E’ il 1990 quando al Forteto si gettano le fondamenta del nuovo caseificio. Sul cantiere, come si vede dalla foto, ci sono due ragazzini. Uno è Marco, 14 anni, in seguito uscito dalla comunità e morto a Livorno per droga e stenti nel 2007, da senzatetto. L’altro è F., 12 appena: è proprio lui che oggi ci ha consegnato questo e altri scatti. “Facevamo il cemento, si mettevano i mattoni”, spiega F., che oggi vive fuori dalla comunità e che già testimoniando al processo nel 2014 aveva raccontato la sua esperienza lavorativa al Forteto: prima della scuola, all’alba, andava ad occuparsi del bestiame. Se non c’era da studiare, si lavorava anche il pomeriggio. “Molte di queste foto me le hanno fatte i dipendenti esterni della cooperativa, con una macchina fotografica che avevo ricevuto in regalo”. I dipendenti esterni, in un recente comunicato, hanno asserito di non aver mai visto bambini a lavoro in cooperativa. “Io ho lavorato da 12 anni in poi – sostiene F. – e alcuni dipendenti esterni erano lì, con me”.
Questi scatti sopra mostrano ad esempio F. al lavoro nei campi accanto ad un trattore e al maneggio, all’opera per sistemare una recinzione. Con lui ci sono alcuni adulti, all’epoca componenti della comunità, mentre non si vedono dipendenti esterni. In una delle foto c’è anche un altro ragazzo: quello che il giudice Gian Paolo Meucci aveva affidato da bambino a Rodolfo Fiesoli, al suo ritorno al Forteto dopo l’arresto nel 1978 e la permanenza in carcere.
Qui sopra vediamo invece F. nel caseificio, dove inizierà a lavorare stabilmente dopo la terza media, “Ma tutto gratis”, tiene a precisare. “All’inizio non mi facevano stare dentro, lavavo le cassette fuori dal caseificio. Poi invece, verso i 14-15 anni, sono entrato”. Non una presenza sporadica, come si nota dal dettaglio del grembiule ingrandito: si vedono le lettere del suo nome, segno che F. aveva una sua tenuta da lavoro al pari degli altri impiegati al caseificio. Quel caseificio dove negli stessi anni una coetanea di F., allora quindicenne, si amputò un dito: “Avevamo finito di fare lo yogurt – ha testimoniato al processo – erano intorno alle sette di sera, eravamo a lavare l’imbuto dove si metteva lo yogurt ed io ci infilai un dito e rimasi incastrata”. Ma in ospedale fu costretta a dire che si era fatta male con un tritatutto, e quell’incidente sul lavoro non fu mai registrato come tale.
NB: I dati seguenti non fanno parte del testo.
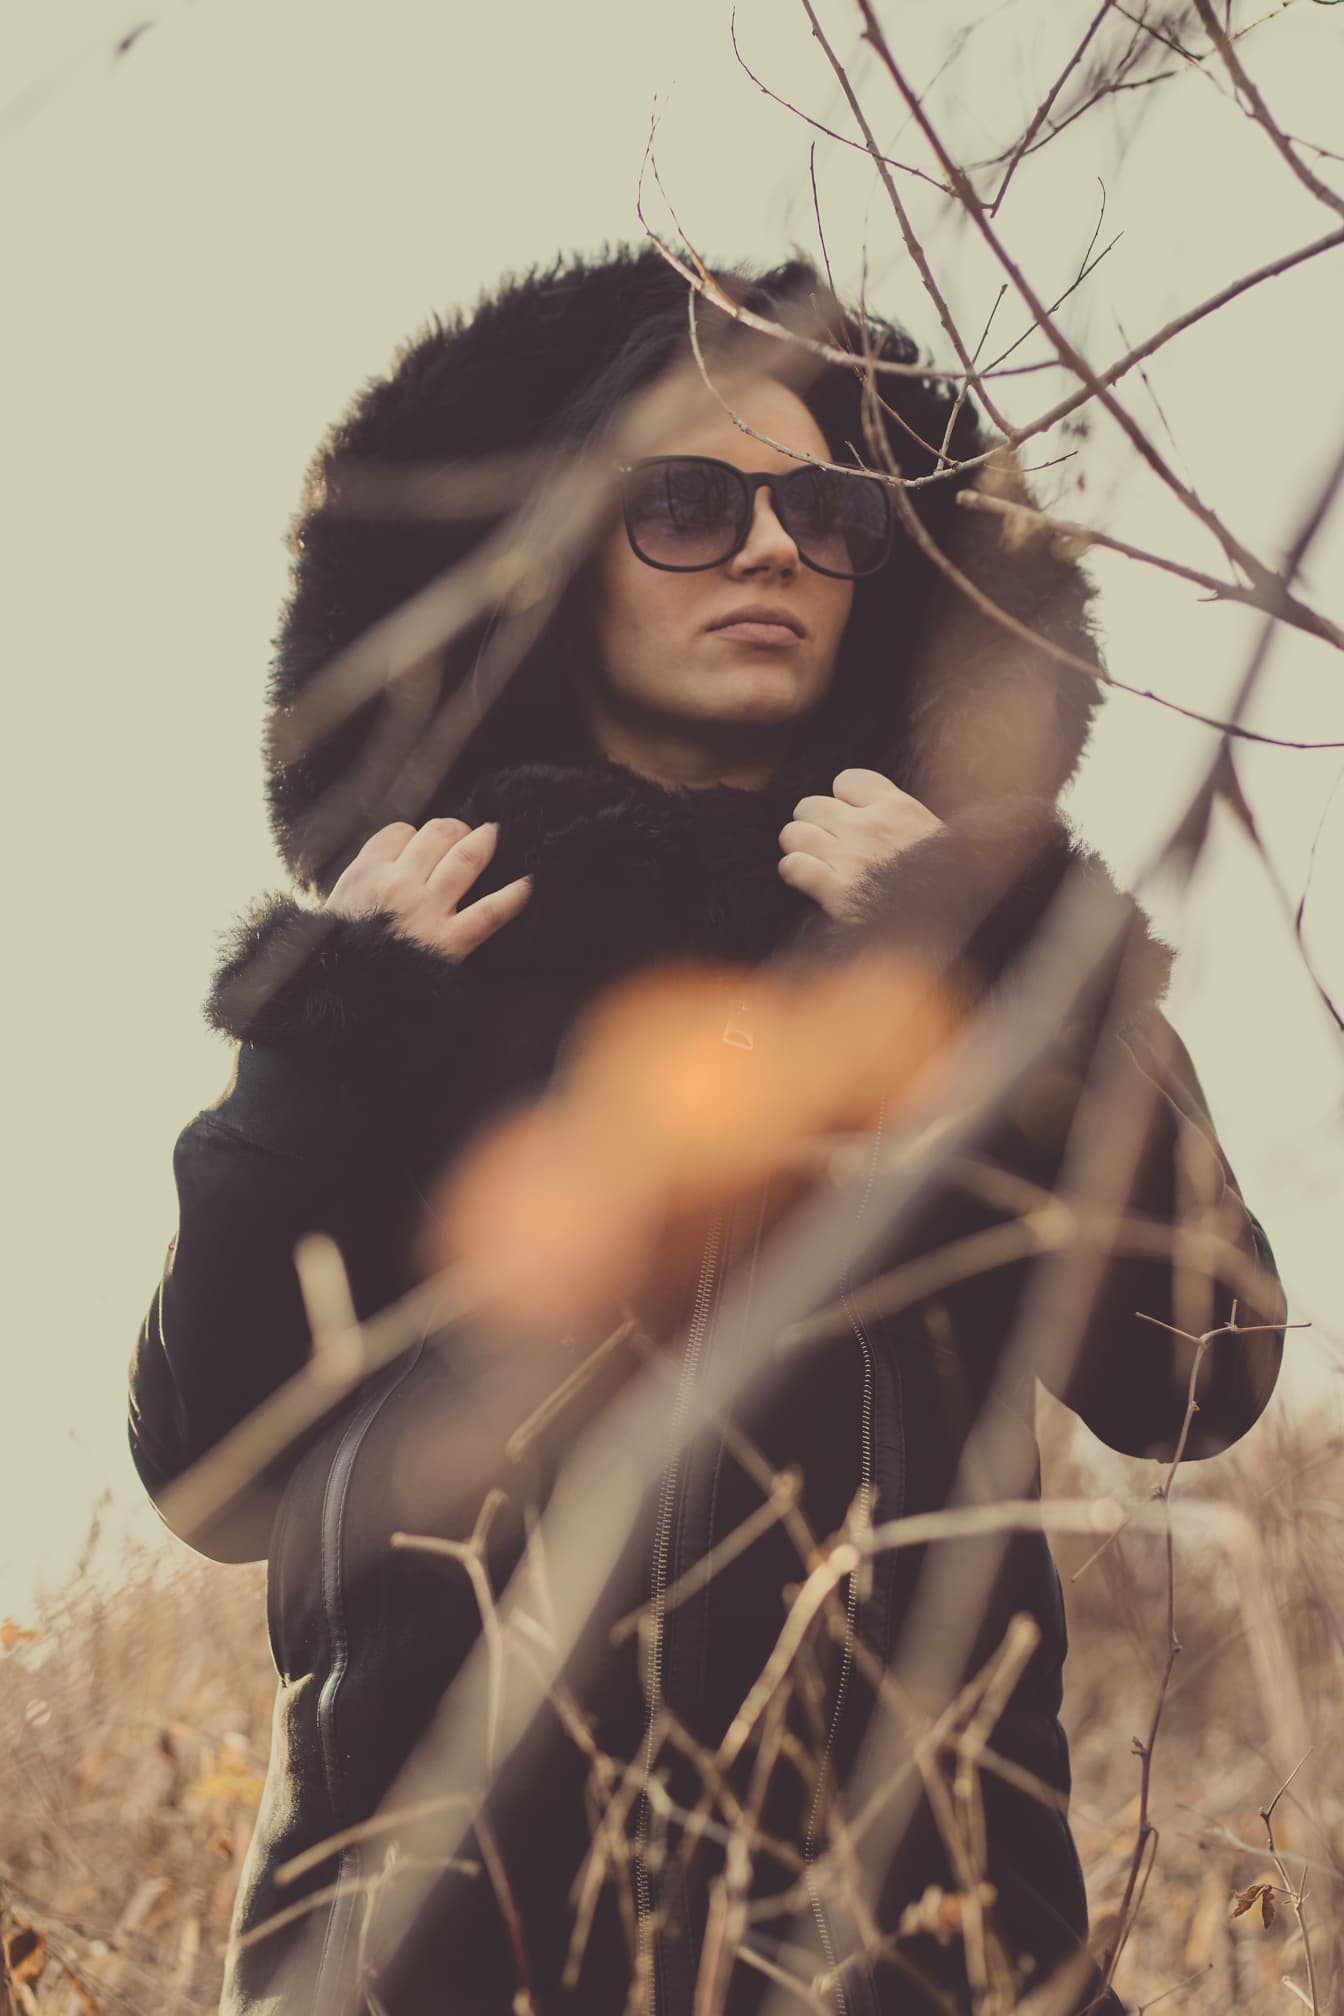 Portret žene koja nosi krznenu jaknu s kapuljačom i sunčane naočale

Qualche anno dopo fu un ragazzo a perdere una falange rimasta schiacciata nella sponda del camion dove si caricavano le cassette per il formaggio.
In quest’ultima foto F. è ormai maggiorenne, davanti a lui c’è un bambino anche se non impegnato nei lavori. “Stavo decidendo di andarmene, per questo per farmi restare provavano a farmi affezionare a lui”. In quel luogo si svolgeva una parte della tingitura dei formaggi, “proprio davanti c’era l’ufficio di una dipendente esterna”. E tra i fuoriusciti del Forteto c’è chi afferma di aver lavorato da ragazzina proprio davanti a quell’ufficio con la porta a vetri.